CFC INSIGHTS: Plus Wonder Convo

 Let me start by saying I wish I had a recording of the entire day at Plus Wonder Conversation because the conversations were so incredibly inspirational and the positive energy and spirit of connection was so remarkable that I want to experience it more than once. The overall theme was about learning to build and inspire partnerships in one’s life, both professionally and personally. Plus Wonder functions to find the pattern and threads of wisdom of compatibility and harmonious relationships. Its name rooted from the words plus one. In the short introduction session, a video was presented introducing many different compatible partnerships like the famous Ben & Jerry, Bert & John Jacobs, Chris Redlitz & Beverly Parenti, Jimmy & Rosalynn Carter, & more. One little quote that stood out to me during this introduction: People are people because of people. We are so easily affected by those around us. Energy is contagious. Whether we are sensitive individuals or not, we are molded in some way by others in our environment and often times our feelings are influenced by what people say and/or how they treat/communicate with us. We may not always have total control over these feelings—they come and go, sometimes when we expect, sometimes not. The beauty though is that we DO have control over WHO we surround ourselves with. And we must surround ourselves with people who believe we can make a difference in the world, and who make us want to do so.

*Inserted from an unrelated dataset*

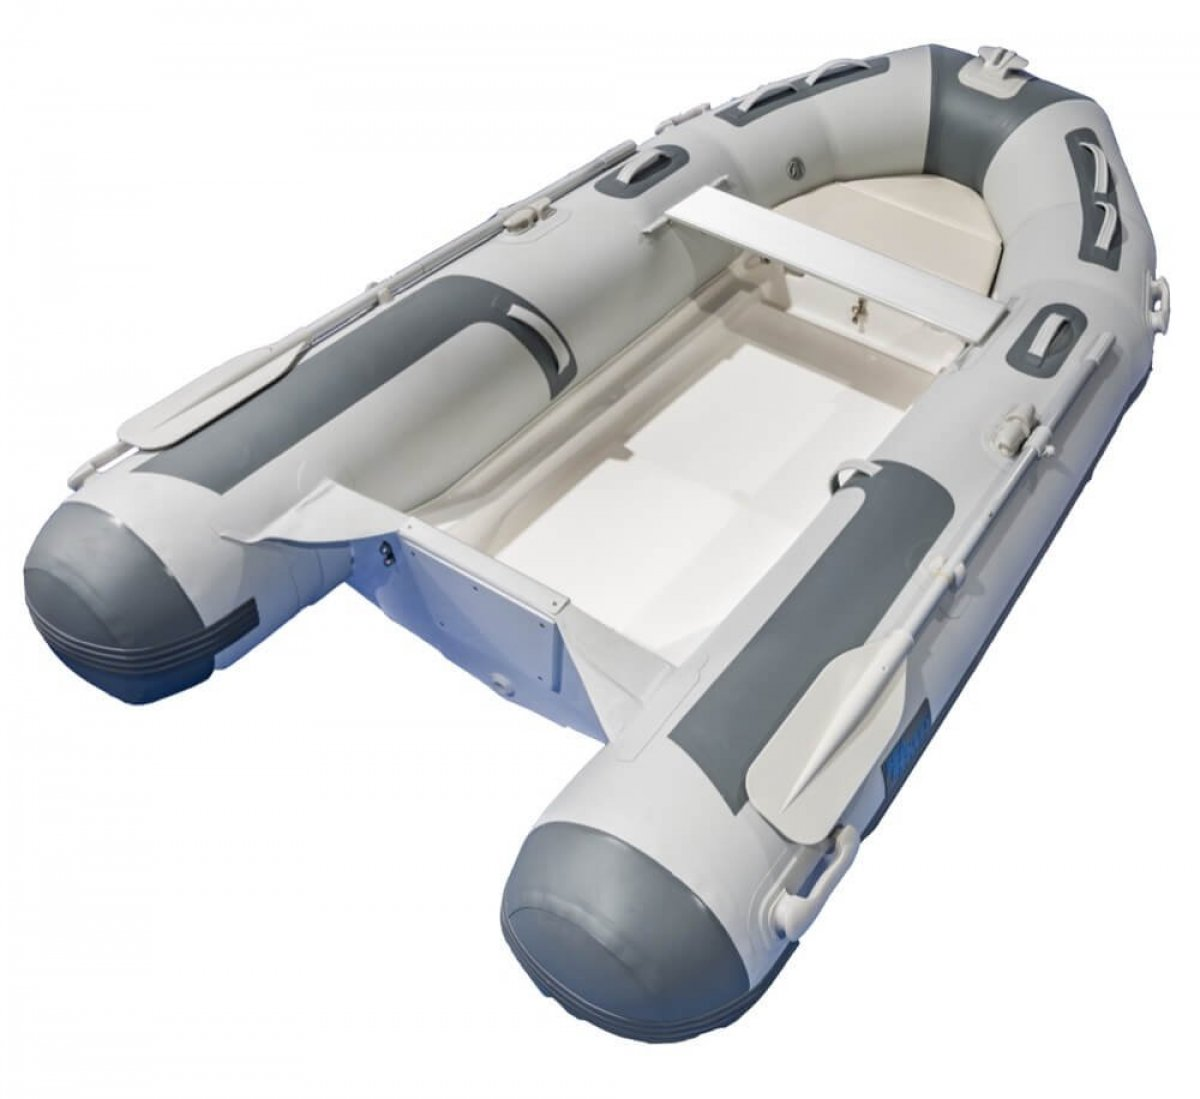 Sea Renity Marine 310B Fibreglass Double Hull Rigid Inflatable

            Firstly, we met Bert and John Jacobs. They shared their history and growth of their company, Life is Good. We sat as a group and absorbed why their relationship is unique and how they’ve grown up together, grown their partnership, and grown a meaningful life together. They shared with us the necessary seeds they first planted and continued fertilizing. Ultimately, their mission is to spread optimism. One of theirs and the company’s highlighting quotes: “Life isn’t easy. Life isn’t perfect. Life is good.” They brought up the many fights they had growing up as brothers, sharing the same room and space. Once their company started to grow, they had more fights. Whether these arguments were about t-shirt patterns, design colors, or where to order dinner, they simply reminded themselves of the one thing they did agree on: Optimism can empower us even in the hardest of times. They were inspired by their mother, the first major optimist in their lives who had one firm request at the dinner table each night, and it was not to clean up and do the dishes. She requested that her six children would each say one thing good that happened that day. So much negative information is spread by the media and the world tends to focus on the bad rather than the oh-so-much good that is going on around us, and all the improvements that have actually been made in society. For Bert and John, they demonstrated their natural inclination for art and creativity when they began drawing art and selling it on t-shirts out of the back of their van, traveling up and down the east coast on a never-ending road trip. Living off PB&Js and showering when they could, one girl showed up looking at Jake (the major smiley character of the company), and said, ‘You know, life IS good.” Spreading positivity became so powerful. They began getting calls from different people, as they asked, ‘Does Jake like ice-cream? Does he go skiing? Bike riding?” This idea of celebrating life was so rare, and Bert and John created their life by listening to people and celebrating what people in general love (their hobbies, food, sports, etc..). It was truly inspiring to hear Bert and John’s story and how they use their t-shirts and products as a vehicle of communication, not fashion, although I mean c’mon they are pretty stylish if I don’t say so myself. http://content.lifeisgood.com/company/

            After this sharing, we broke off into six groups of ten or so. Time to dig deeper into ourselves, our thoughts, feelings, emotions, and opinions! We talked about the key elements of successful partnership: Trust, respect, empathy, belief, generosity, humility & equality. We chose which two we thought were most important to us. Interestingly enough, the one trait I initially put as least important, I ended up moving to most significant after some more profound thinking. After discussing our findings as a small group, I realized that although these key elements seem obvious when we read them, when group sessions and events like these ones take place, we are reminded and we notice which areas of our life we need to contribute more to by of course starting with changing ourselves. Partaking in these sessions force us to critique ourselves, even if we have trouble doing so, or not. We leave feeling better and more excited about the future, as well as more capable to tackle obstacles and spread positivity, love, and thoughtfulness with those we care about.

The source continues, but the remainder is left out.